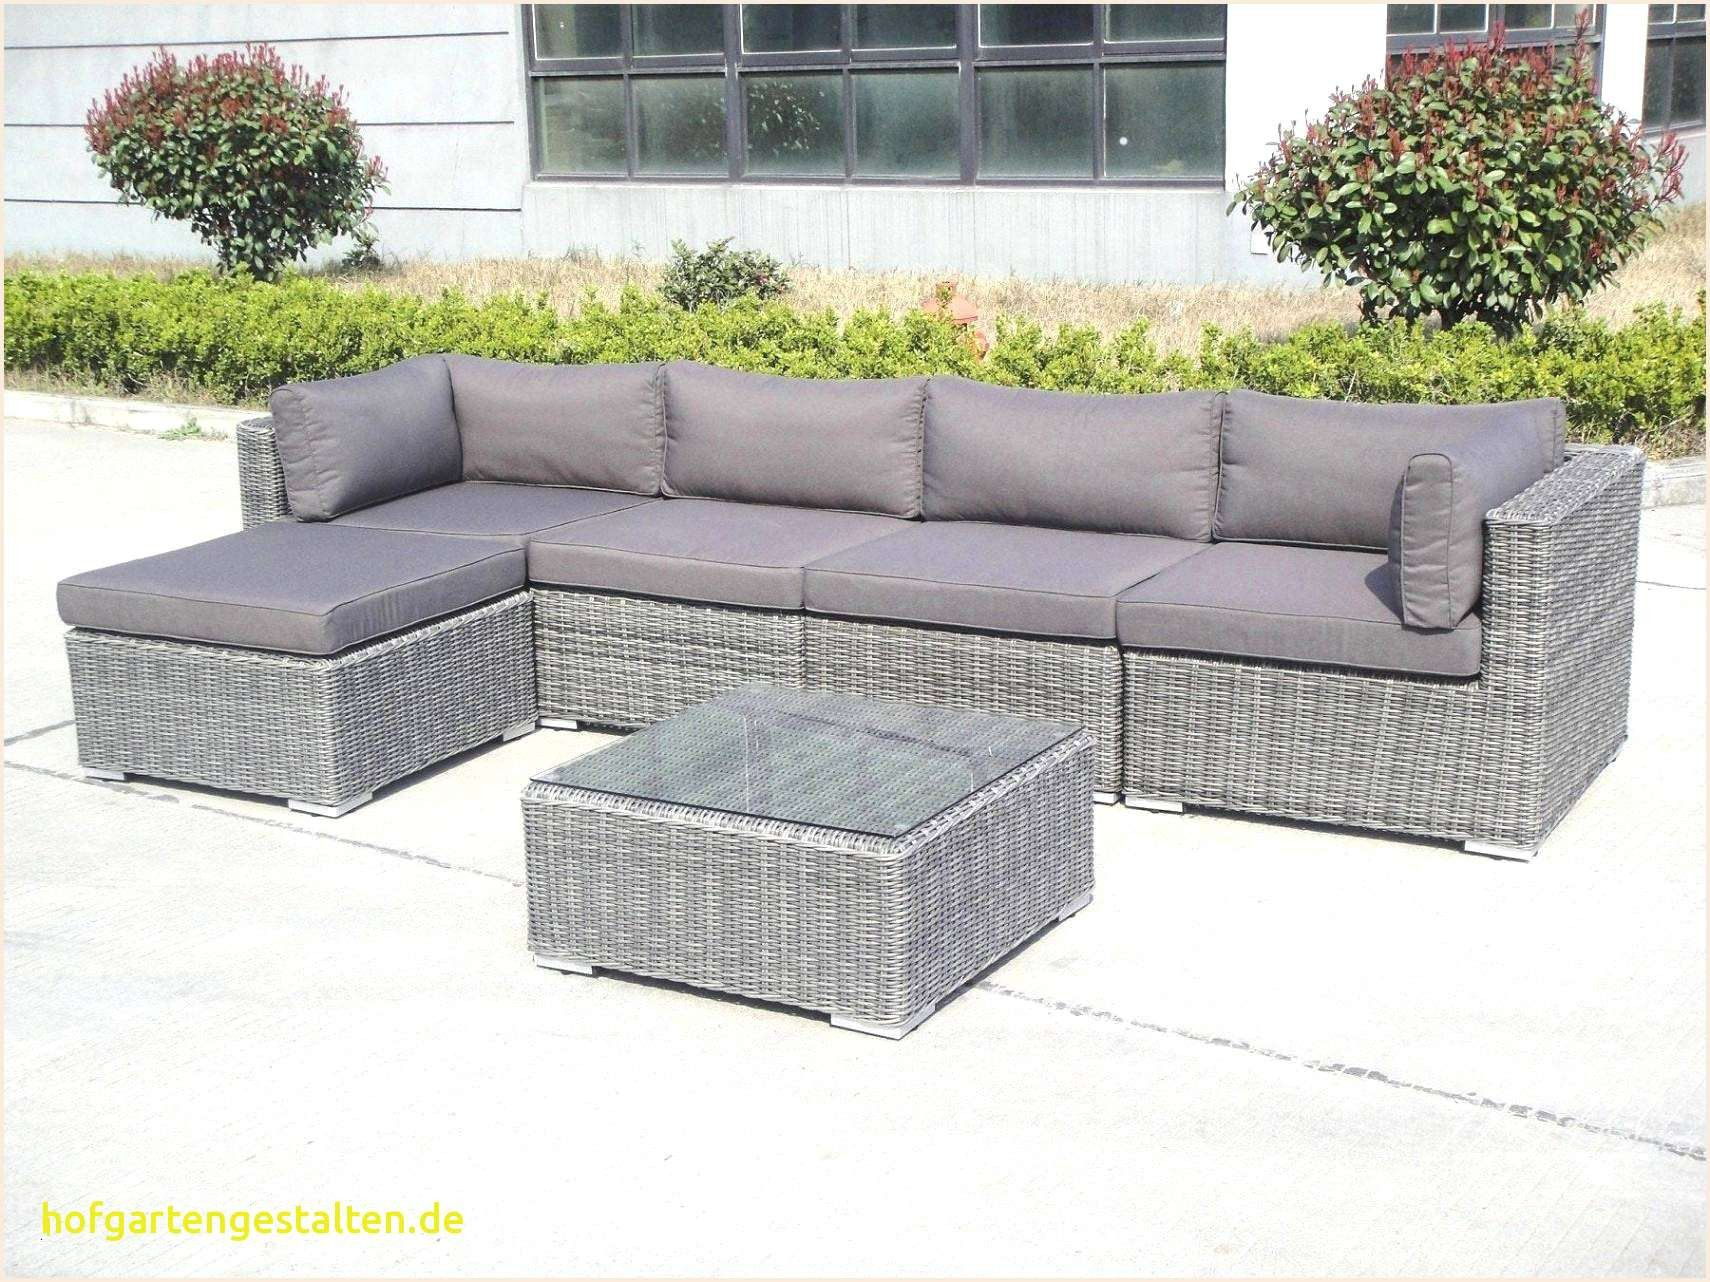 Design 41 Fur Gartenmobel Lounge Set Gunstig Check More At Https Www Estadoproperties Com Gartenmobel Gartenmobel Sets Gartenmobel Design Rattan Lounge Mobel
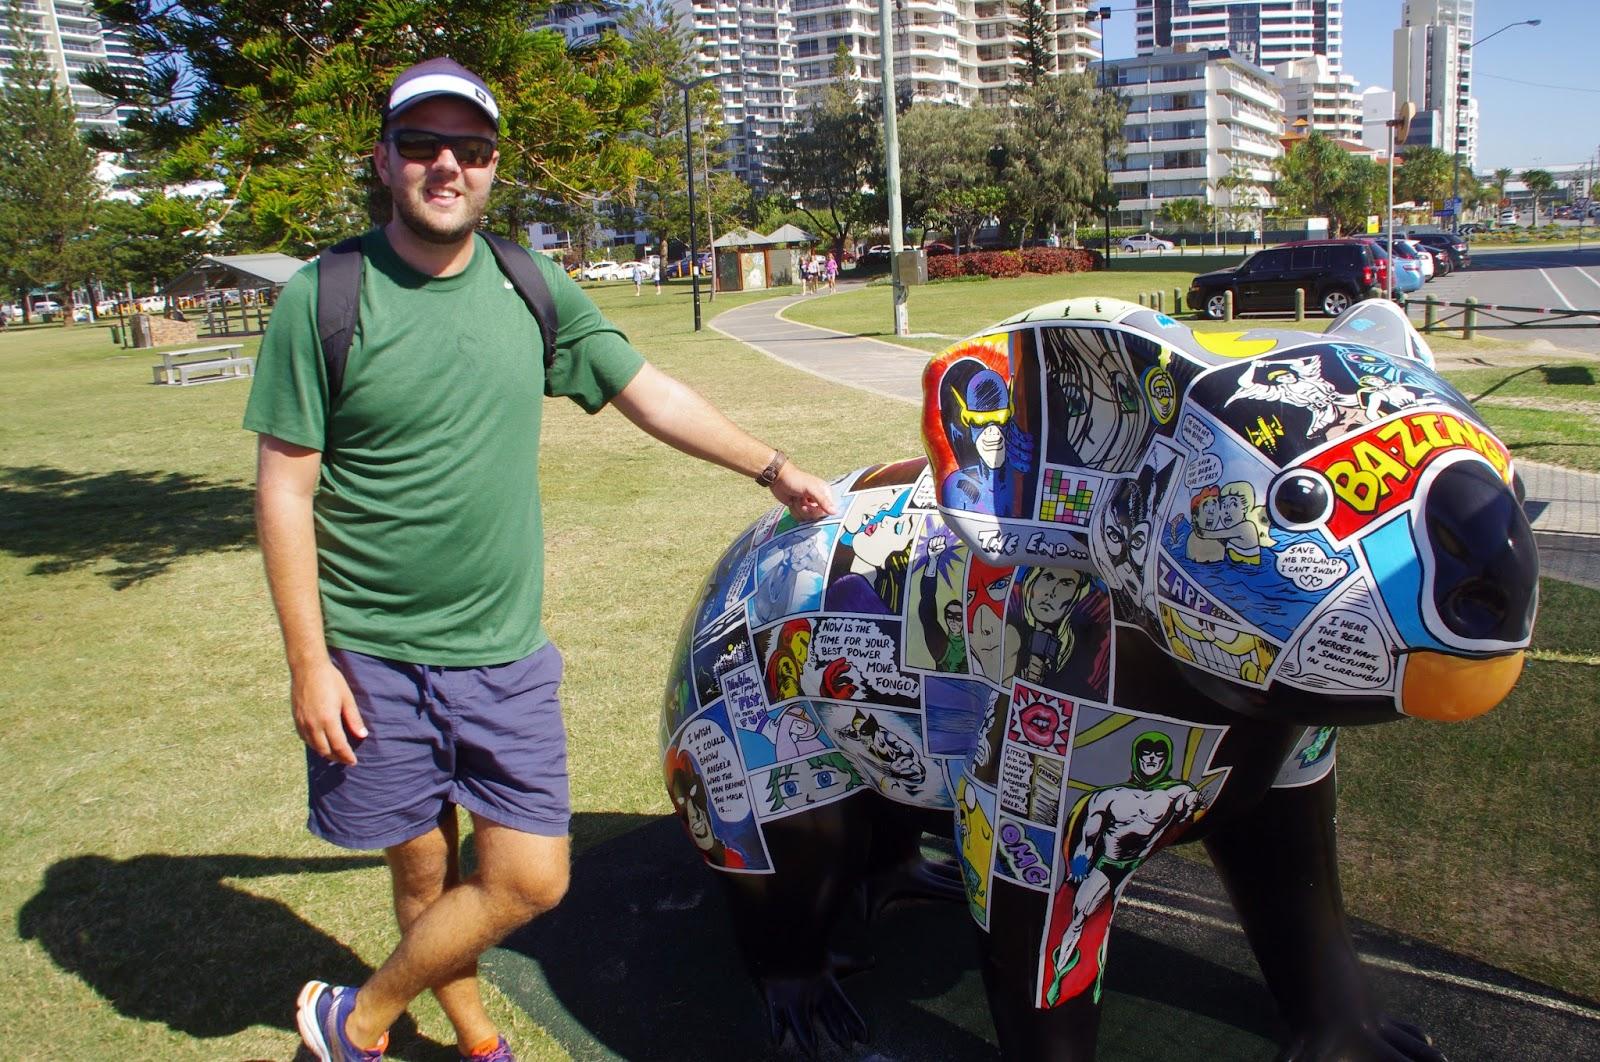 Broadbeach Walkway Guy with Koala Statue
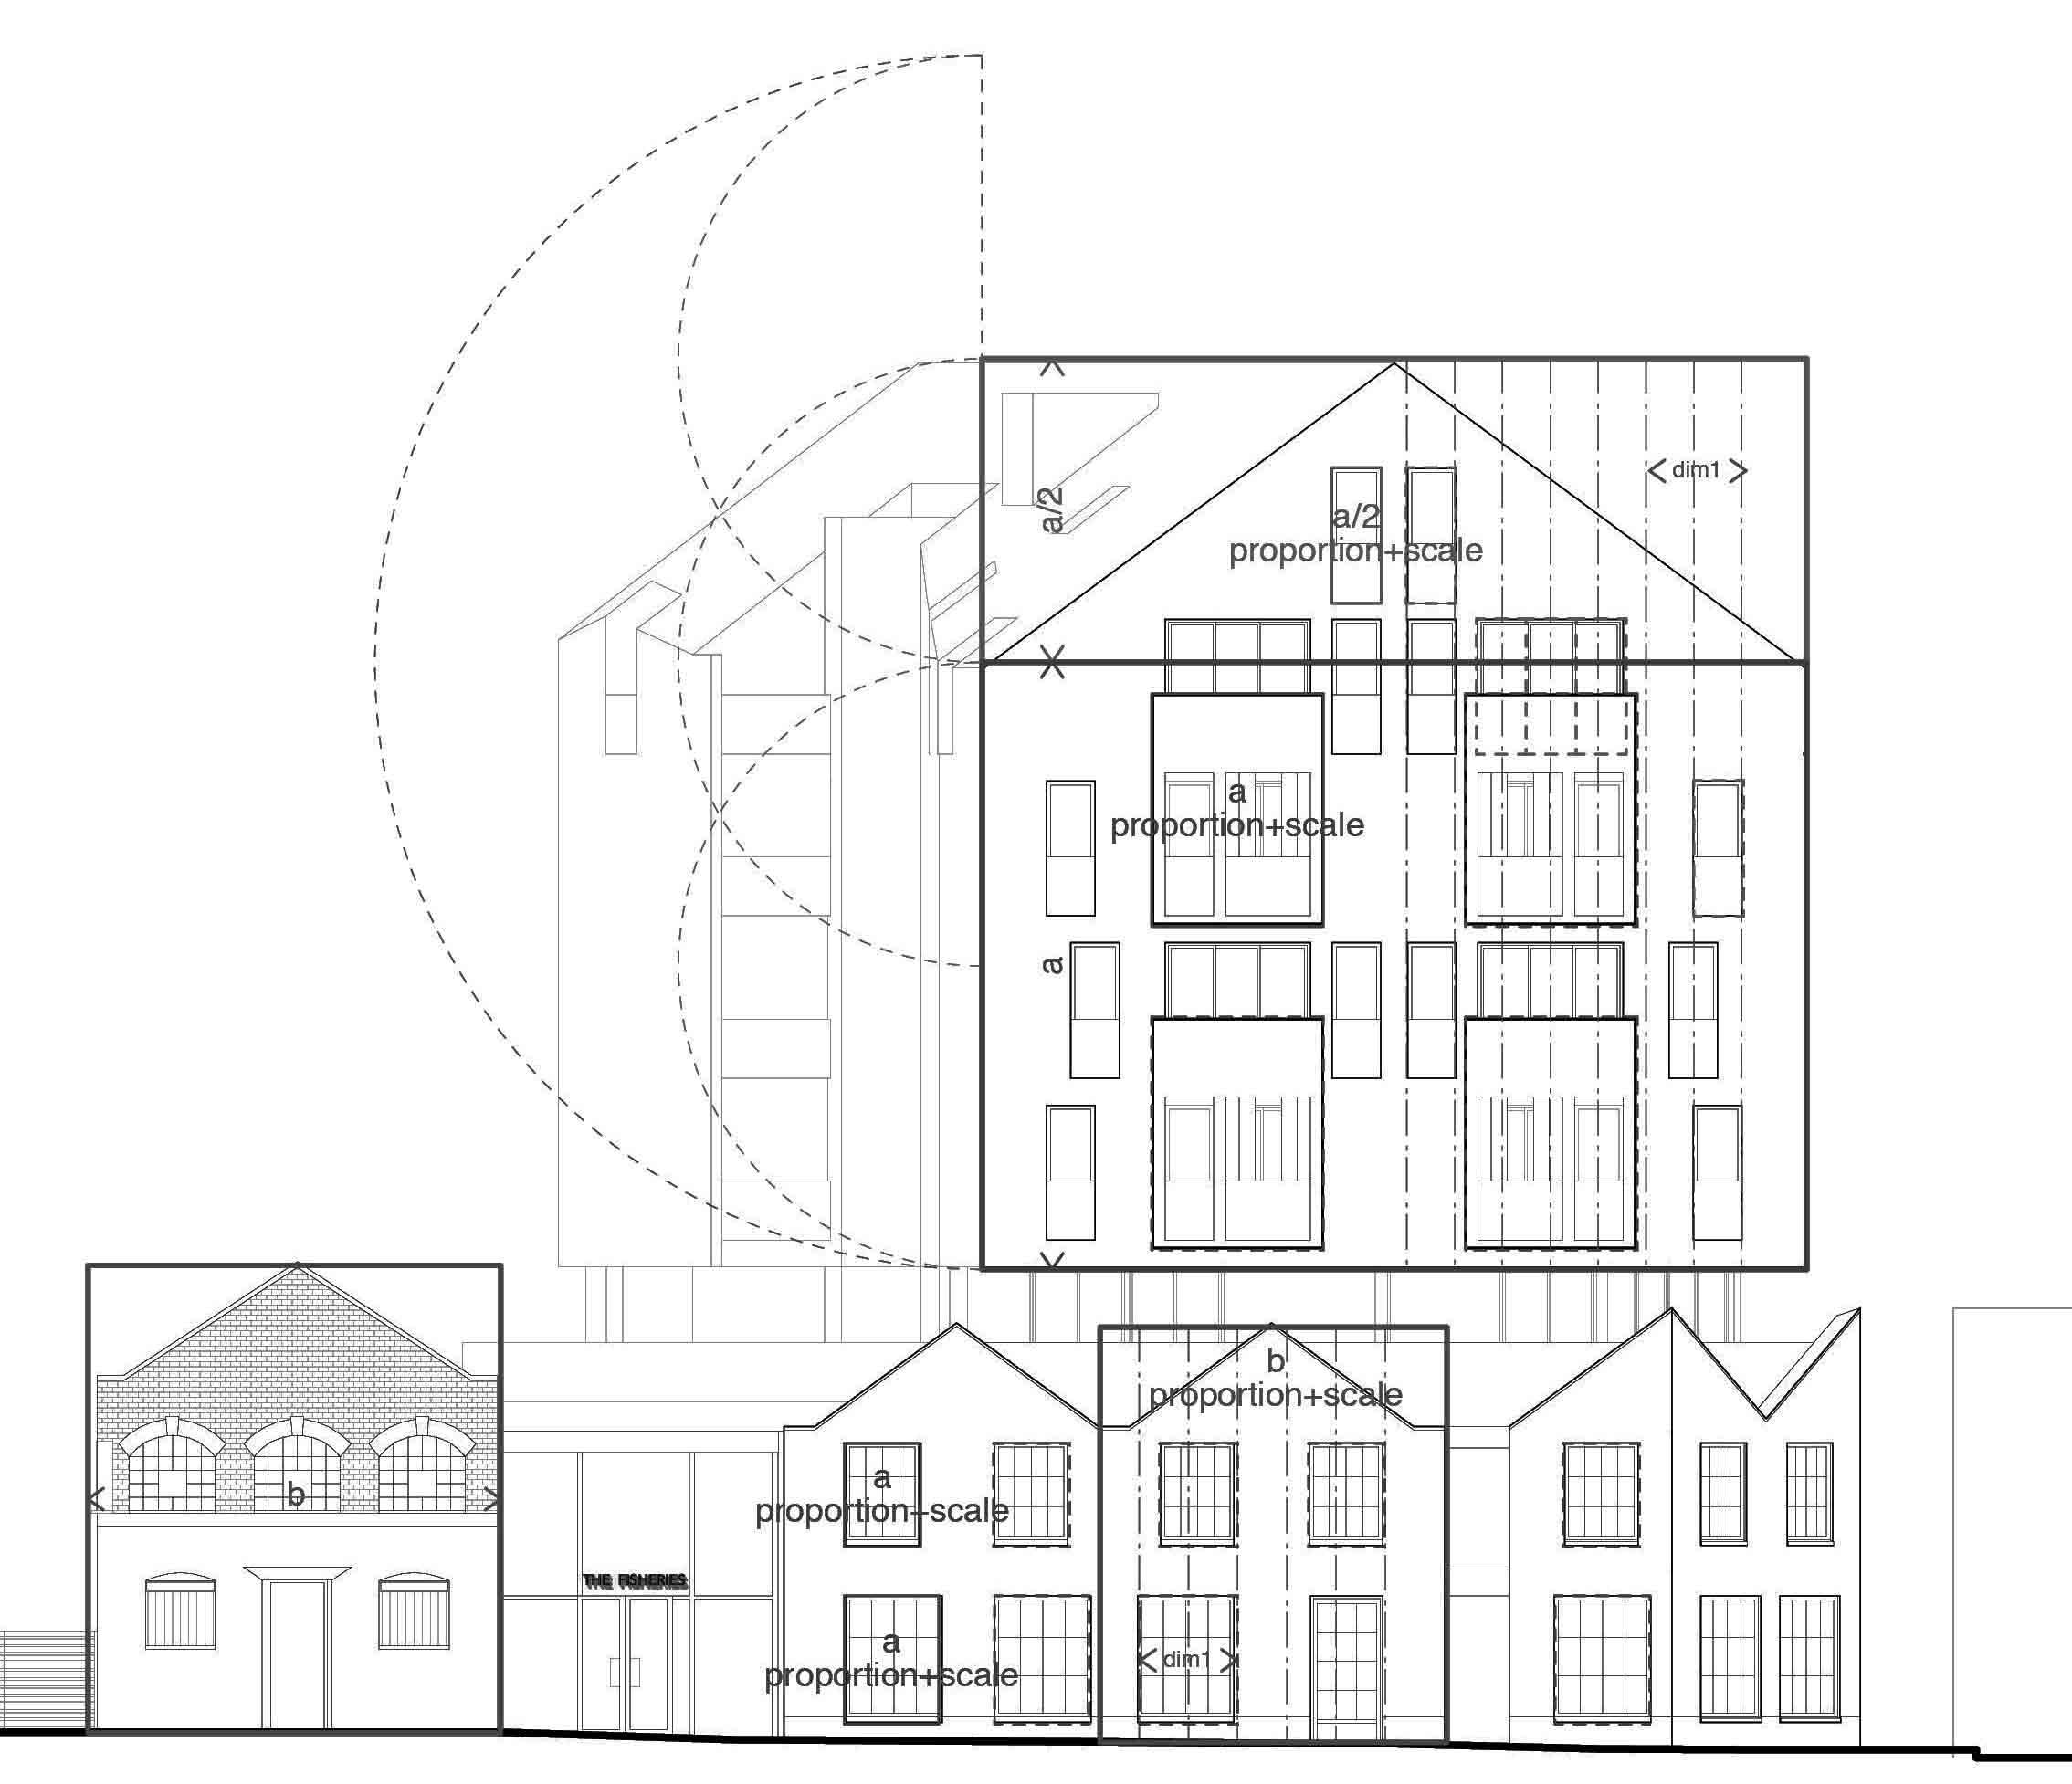 Street elevation diagram.

* * *

Retype all the material word for word while skipping any picture it contains.

 Design 41 Fur Gartenmobel Lounge Set Gunstig Check More At Https Www Estadoproperties Com Gartenmobel Gartenmobel Sets Gartenmobel Design Rattan Lounge Mobel
 Broadbeach Walkway Guy with Koala Statue
 Street elevation diagram.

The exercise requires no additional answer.